Sunday, October 19, 2014

Time for the Vikings to Revert to The Musgrave

At 2-4 and looking up at three better teams in their own division, the Minnesota Vikings would have to put together a string of performances unlike anything that they have done this year to contend not only for a final wild-card spot, but also to improve on last season's dismal 5-10-1 record.  Given the issues at seemingly every position on offense and some persisting concerns on defense, this is unlikely.  That notwithstanding, the games will be played and the Vikings might as well attempt to learn what they can from each contest.

What the Vikings need at Buffalo is a semblance of a pulse on offense and continued improvement on defense.  The latter should happen, given the return of Chad Greenway, and the former has a chance--but Vikings' fans almost certainly will not like the formula.

Defensively, the Vikings have had three primary challenge this season--cohesion, inexperience and talent, probably in that order.  In the base defense, the Vikings are starting only two players at the same position that they started at last year with the team and two other players playing the same position that they started at for any other team in the league last year.  That, by itself, is sufficient to create gaffes.  Issues attributable to cohesion should eventually diminish, however, if only by definition.

The Vikings also are giving five defensive players their most meaningful minutes of their careers and asking them to hold their own without much depth.  If those players can perform up to their draft levels and contracts, the inexperience concern will gradually become a non-issue.  If they cannot, the inexperience concern will become a talent and/or coaching concern.

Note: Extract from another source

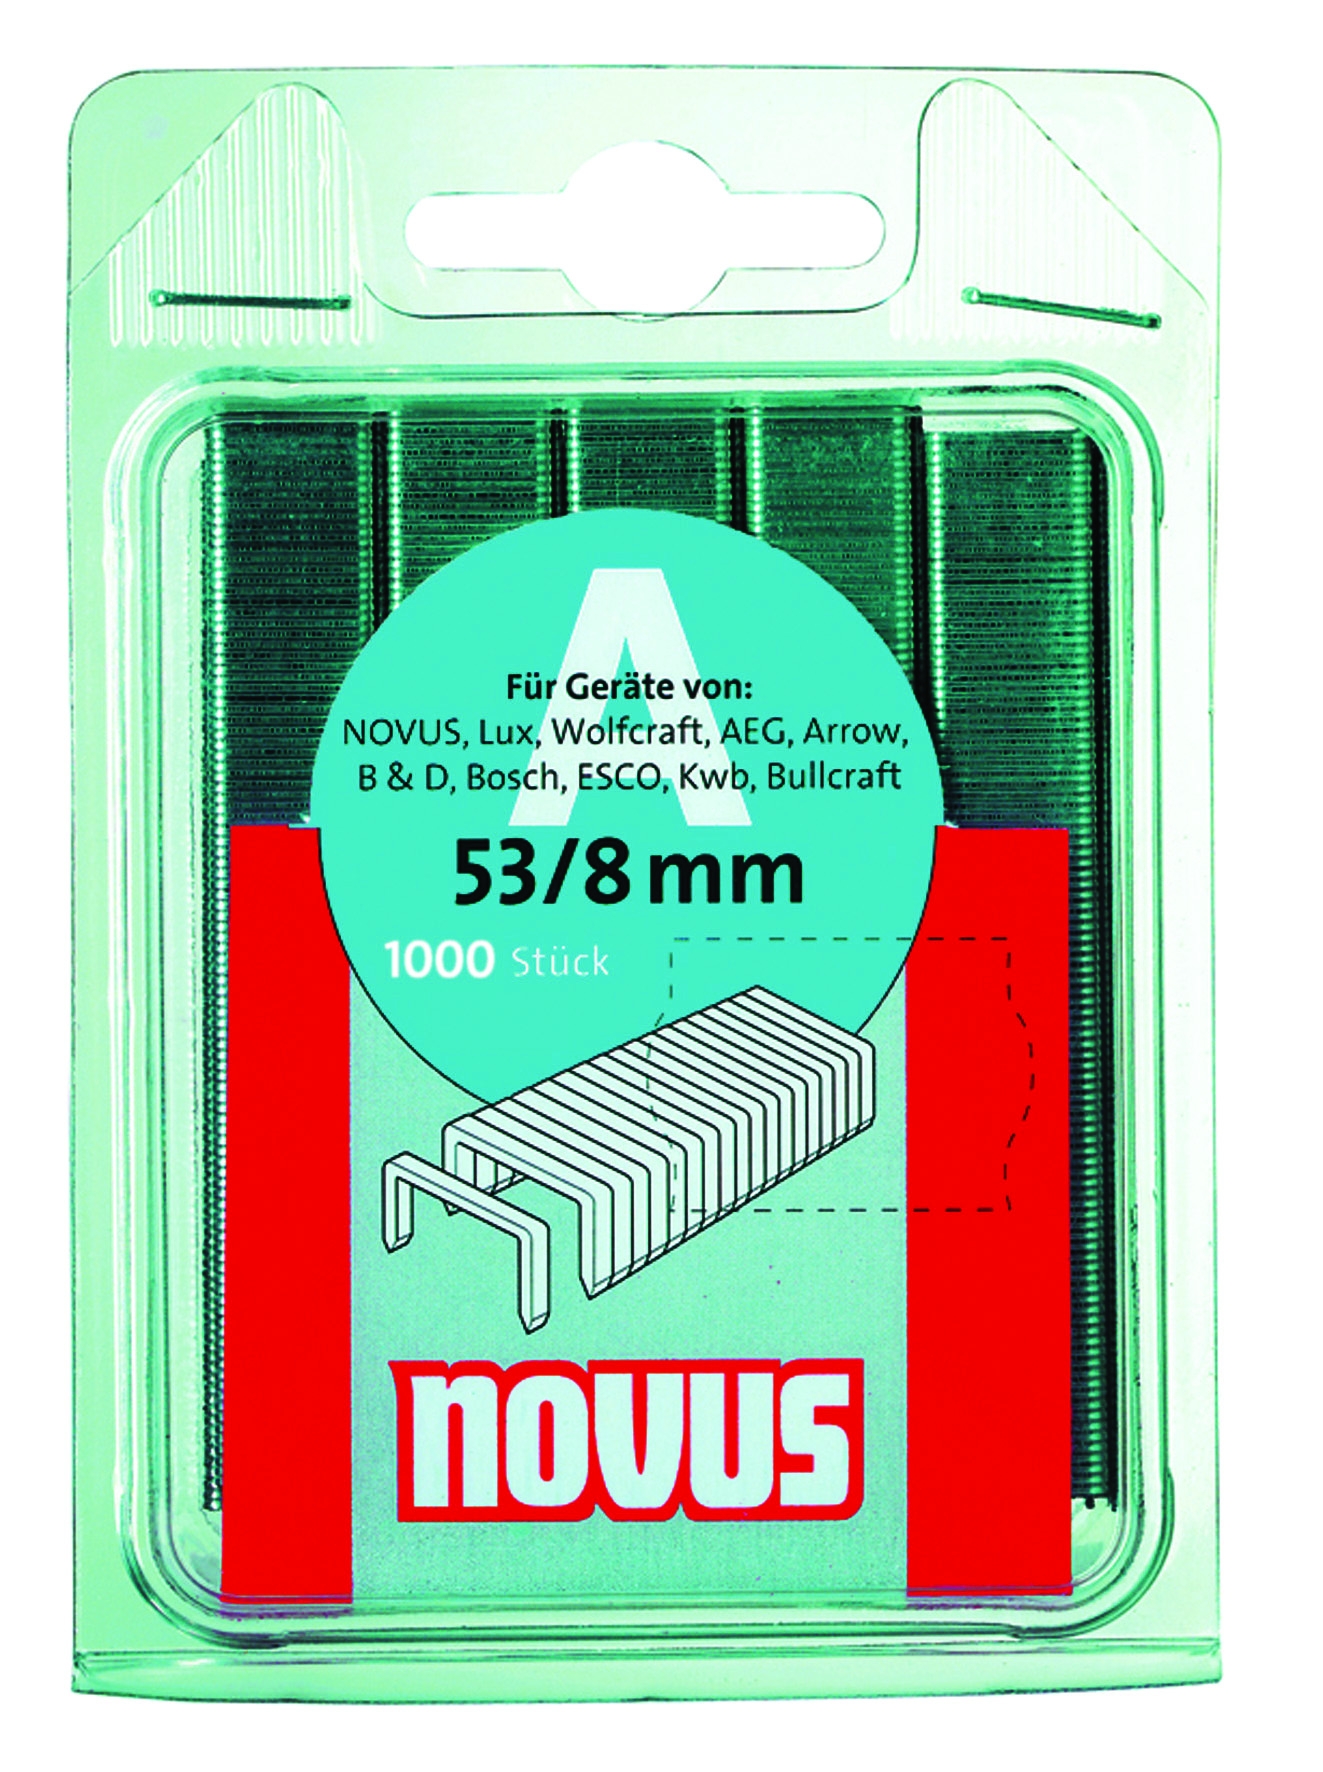 Novus dundraad nieten type A 1000 stuks 10 mm

Then there is the issue of talent.  There are weeks when the Vikings' defense holds its own in the face of difficult odds--such as last week, when the offense was awful.  There are also weeks when the defense looks like a sieve--see the Green Bay and Atlanta games.  The most obvious difference between the strong and weak defensive performances appears to be the opposition.  When the Vikings have faced a talented passing attack, the defense has played poorly.  When the Vikings have played a team with a weak passing attack--or a team with a key player, such as Calvin Johnson, missing from that attack--the defense looks better.  The remainder of the season will tell whether the issues are ones of cohesion and inexperience or more a matter of talent.

More alarming than the performance of the team's defense at this point is the total shambles that the offense has become.  When he wasn't getting sacked last week, Teddy Bridgewater was either under siege or throwing the ball to the defense.  But for more sacks and fewer short-yardage completions and last week's version of the Vikings' offense looked every bit as bad as any non-Adrian Peterson led offense of last season.

The Vikings' problems on offense start on the offensive line.  Despite the presence of a group that has played together for long enough to figure things out, the Vikings' offensive linemen are getting beat in every conceivable way--straight up, in a four-man front, in a three-man front, and certainly against the blitz.  Only Pittsburgh and Detroit have permitted more sacks than Minnesota's front five and, with a mere three passing touchdowns on the season--only two more than Cincinnati wide-receiver Mohamed Sanu, no team has shown anywhere near the futility scoring through the air that the Vikings have shown.  Add to that a league-leading nine picks, and the passing protection and passing attack have conspired to undermine the team's below-average rushing attack.

In the running game, it says a mouthful that fullback cum running back, Matt Asiata, leads the team with a 37.7 yards-per-game average.  That's roughly seven yards fewer per game than Seattle quarterback Russell Wilson averages.

It's all a recipe for disaster and a sign that, against a respectable defense in Buffalo, the Vikings either will need fortune to smile or an epiphany on offense.  That epiphany might be a reversion to something that no Vikings' fan would wish upon even their most reviled opponent, but something that is probably necessary to get the offense moving in the right direction--a reversion to the Musgrave.

Under former offensive coordinator Bill Musgrave, the Vikings led the league in dump-offs, behind-the-line-of-scrimmage passes, rushes up the gut, and third-down passes short of the stick.  That seemed a dramatic misuse of the best running back in the league.  However, now that the Vikings are without Peterson and, if you believe head coach Mike Zimmer, without receivers who can gain separation at the line, the Vikings must resort to some form of the Musgrave, if only to keep Bridgewater upright and breathing.

For offensive coordinator Norv Turner, today's offense must be quick-rhythm, short pass, and whatever the team can get from the running game, including having Bridgewater leave the pocket.  That's not how the Vikings wanted to operate things under Turner or with Bridgewater, but it's the best response to an awful offensive line and a marginal receiving corps that has accounted for a league-low two touchdowns and 217 yards receiving per game.

As always, the Musgrave approach is highly susceptible to defeat, but it does offer the benefit of permitting an offense to pull itself up to a level just slightly below mediocrity and--if the stars and moon properly align--an occasional blip or two above that.  In the wake of two straight offensive offensive performances, that arguably would be a step in the right direction.